[YOUR INSTRUCTIONS]
Retype the data exactly, skipping any picture in it.

[INFORMATION SUPPLIED]
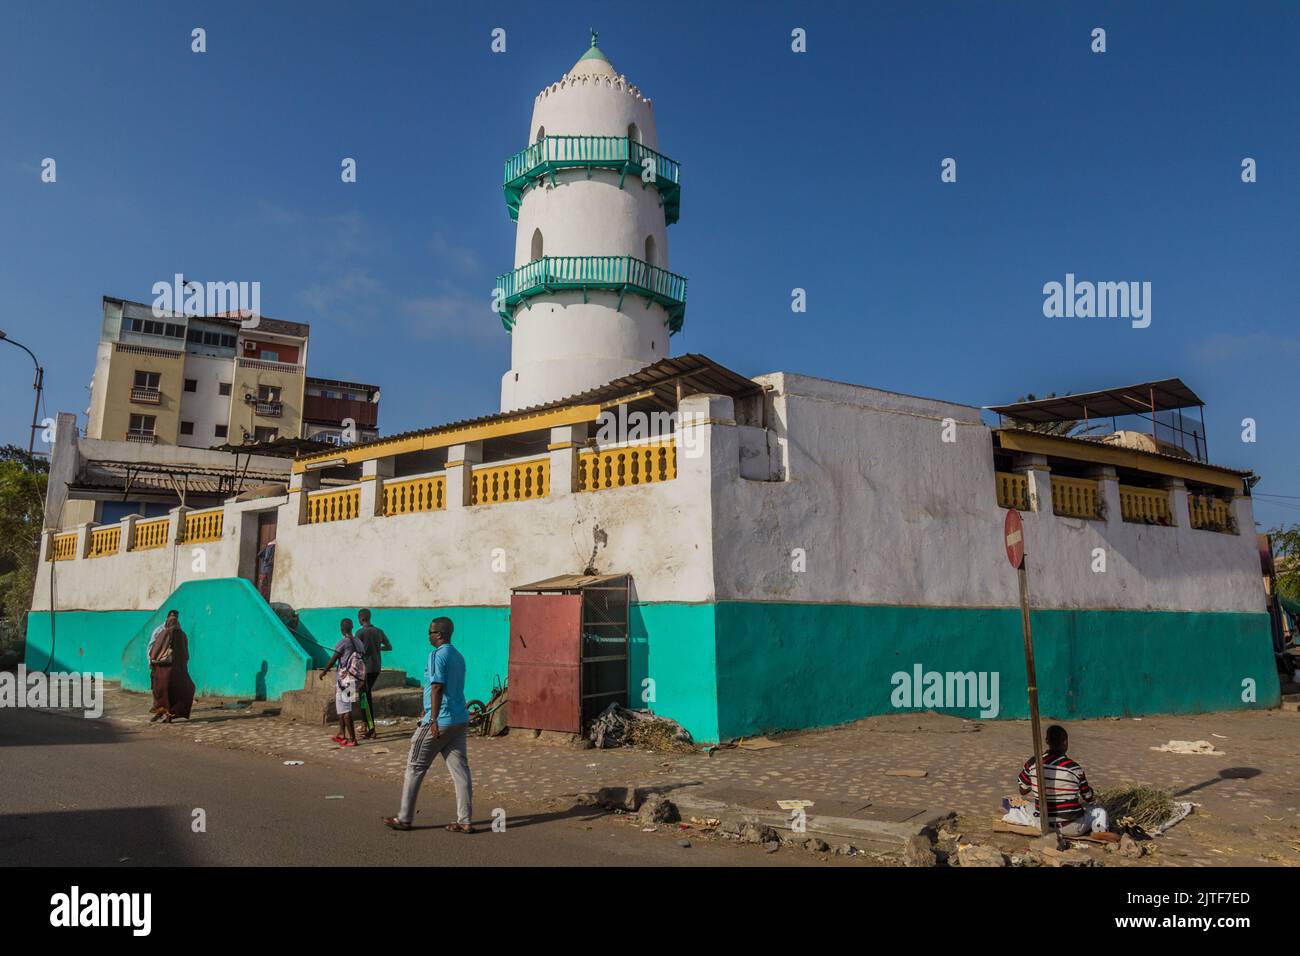 DJIBOUTI, DJIBOUTI - 17 AVRIL 2019 : Mosquée Hamoudi à Djibouti, capitale de Djibouti. Banque D'Images
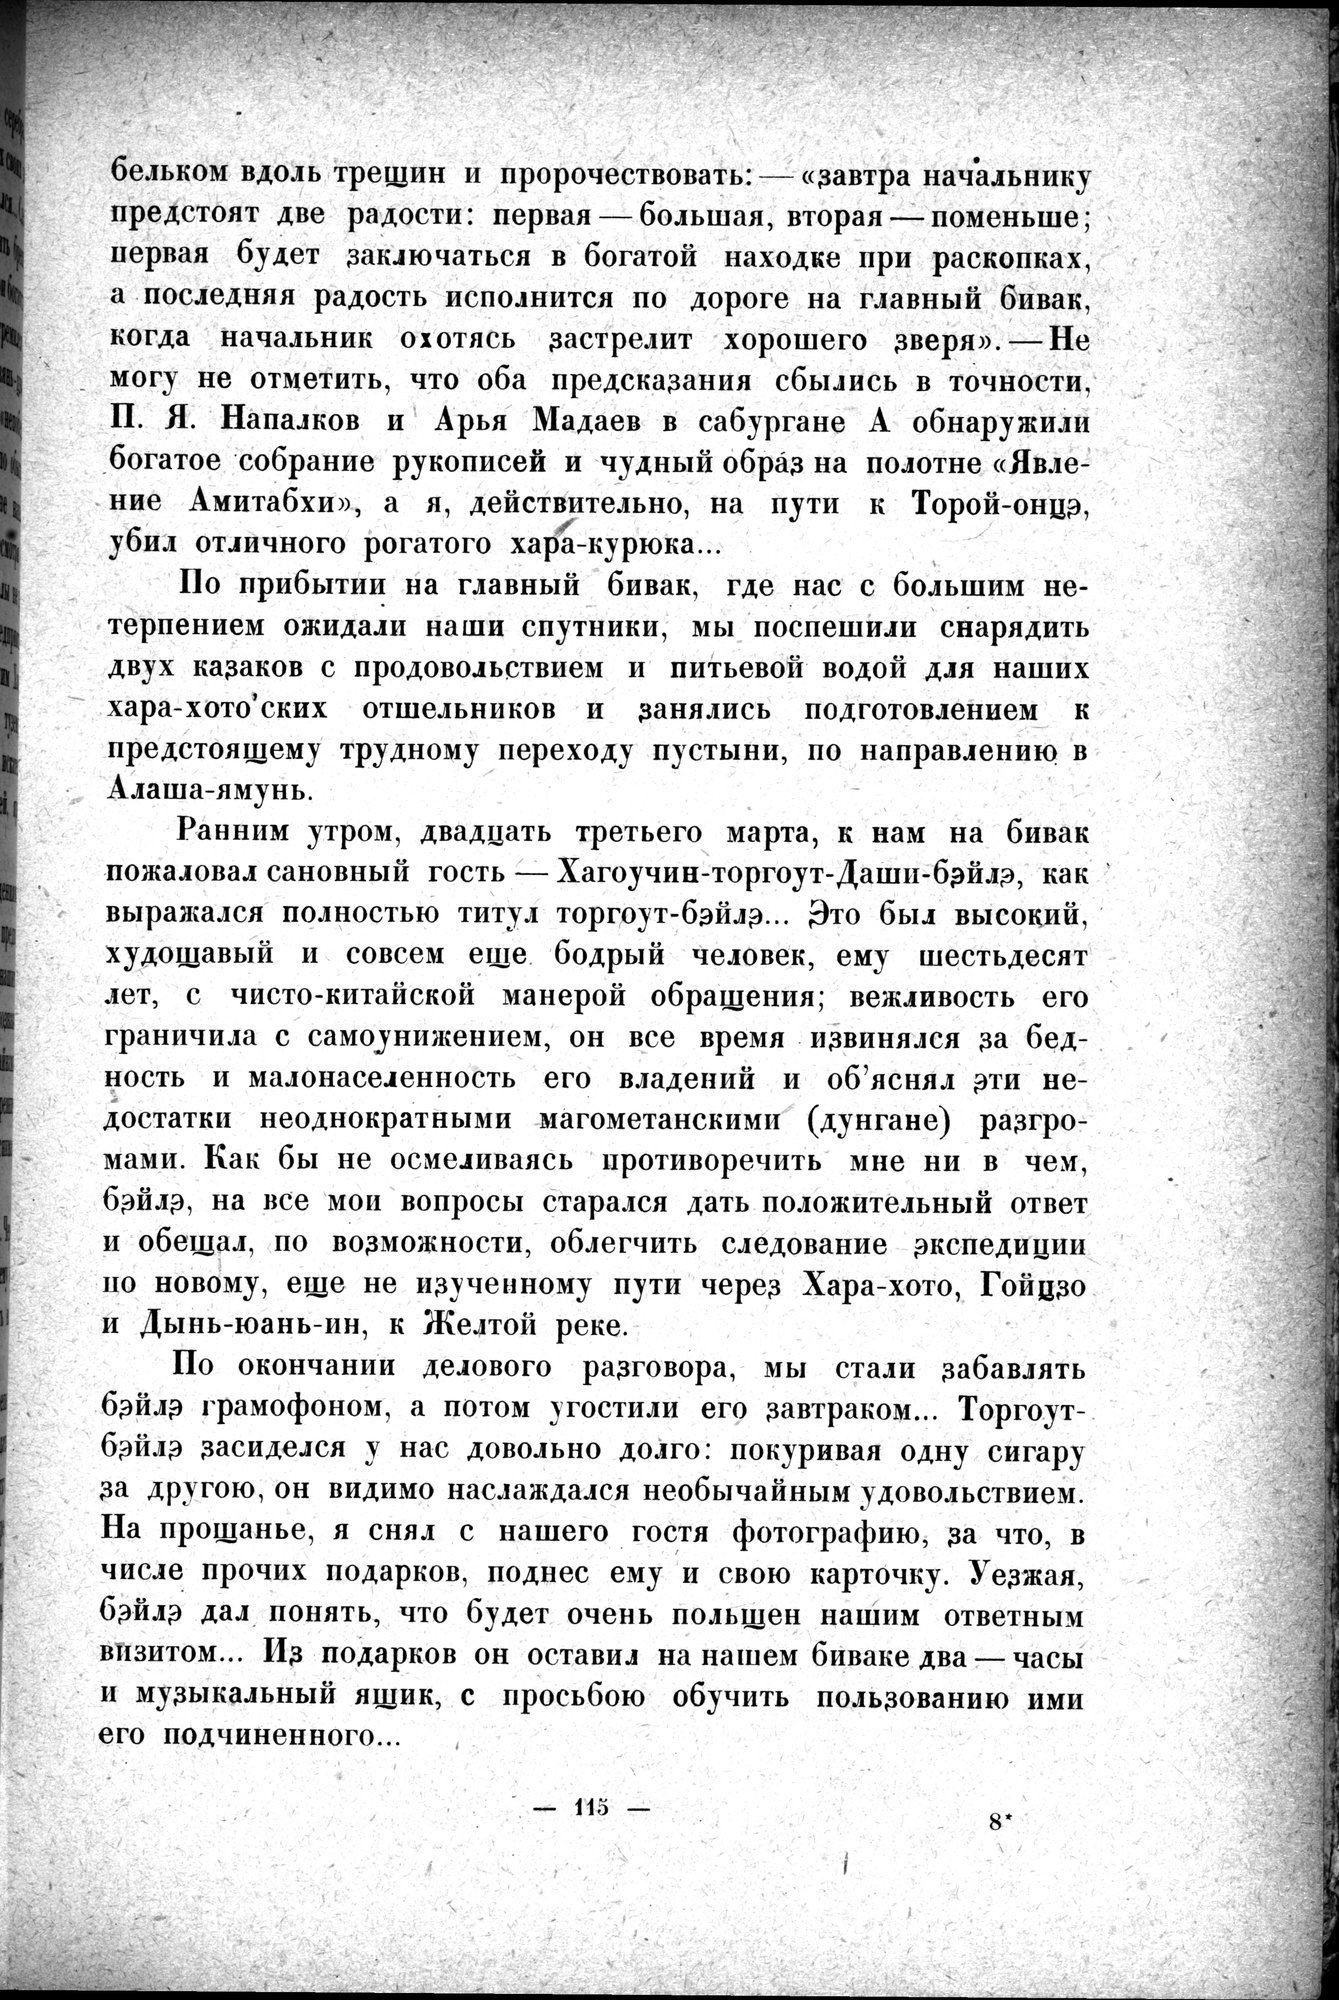 Mongoliya i Amdo i mertby gorod Khara-Khoto : vol.1 / Page 141 (Grayscale High Resolution Image)
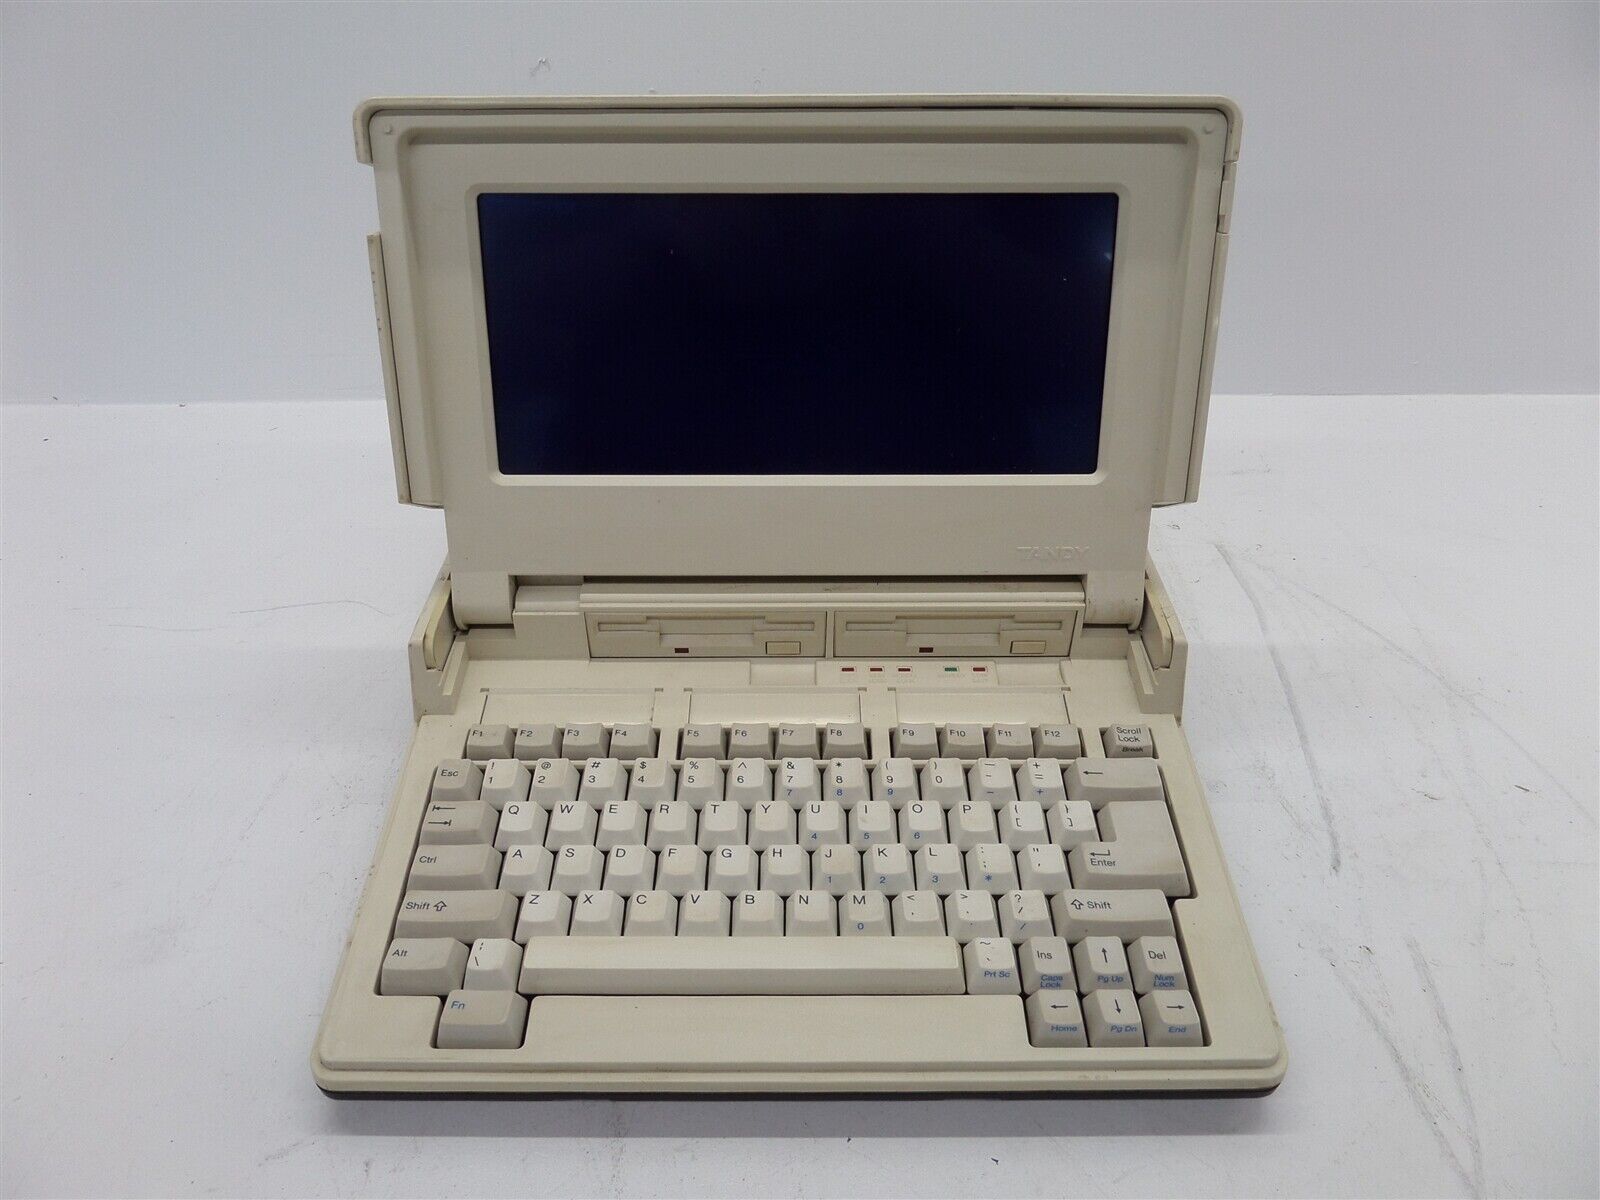 Vintage Tandy 1400 25-3500 Laptop Computer
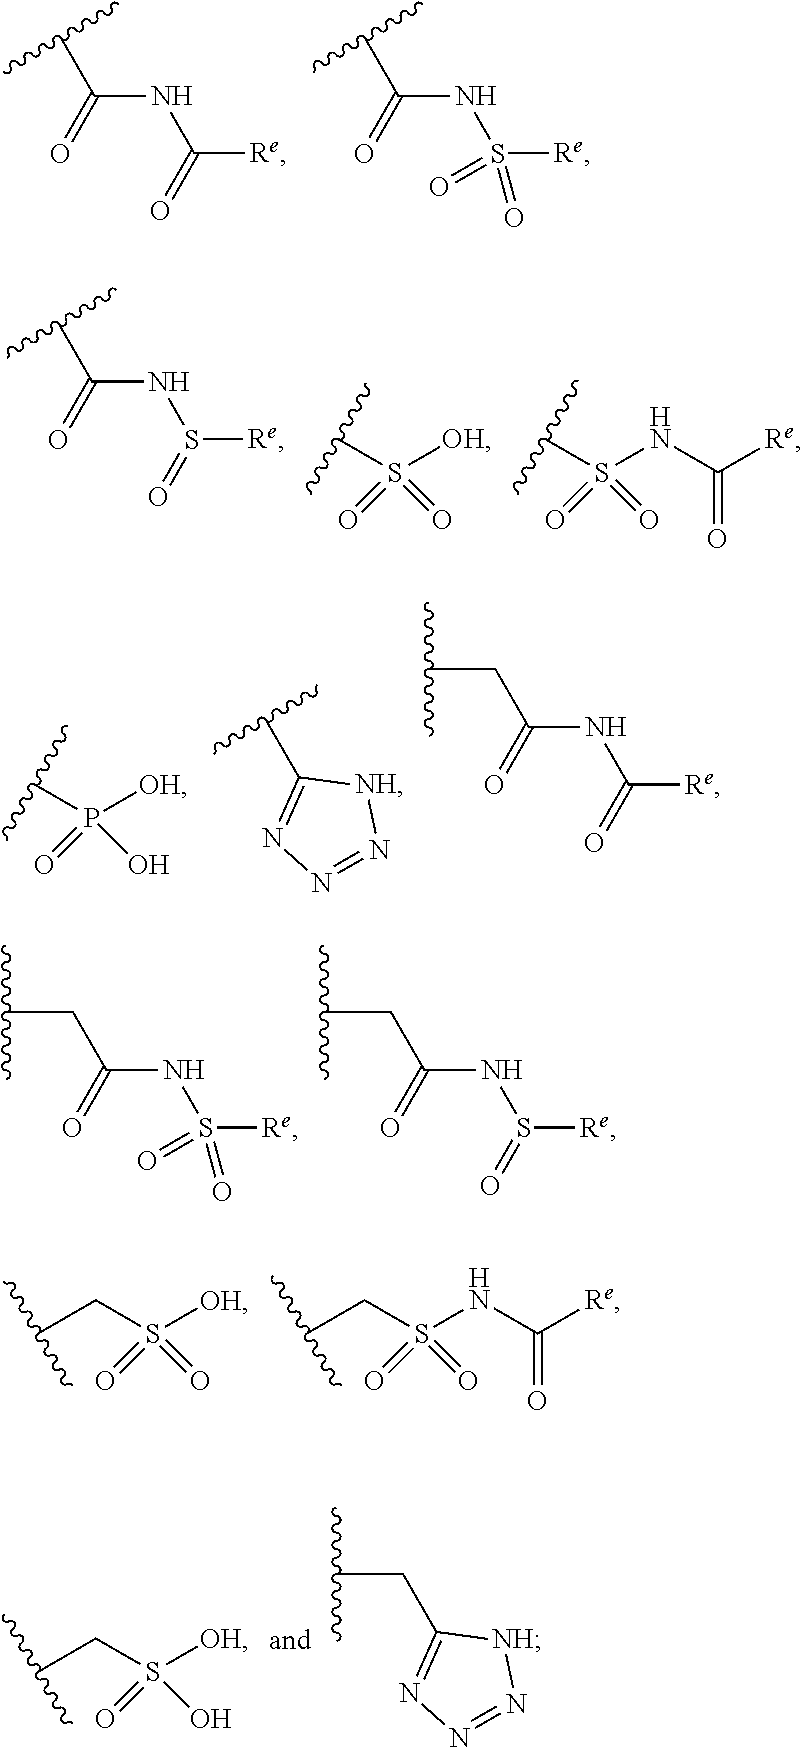 Cyclohexyl acid triazole azines as lpa antagonists

[TASK OUTPUT]
 DJIBOUTI, DJIBOUTI - 17 AVRIL 2019 : Mosquée Hamoudi à Djibouti, capitale de Djibouti. Banque D'Images
 Mongoliya i Amdo i mertby gorod Khara-Khoto : vol.1 / Page 141 (Grayscale High Resolution Image)
 Vintage Tandy 1400 25-3500 Laptop Computer
 Cyclohexyl acid triazole azines as lpa antagonists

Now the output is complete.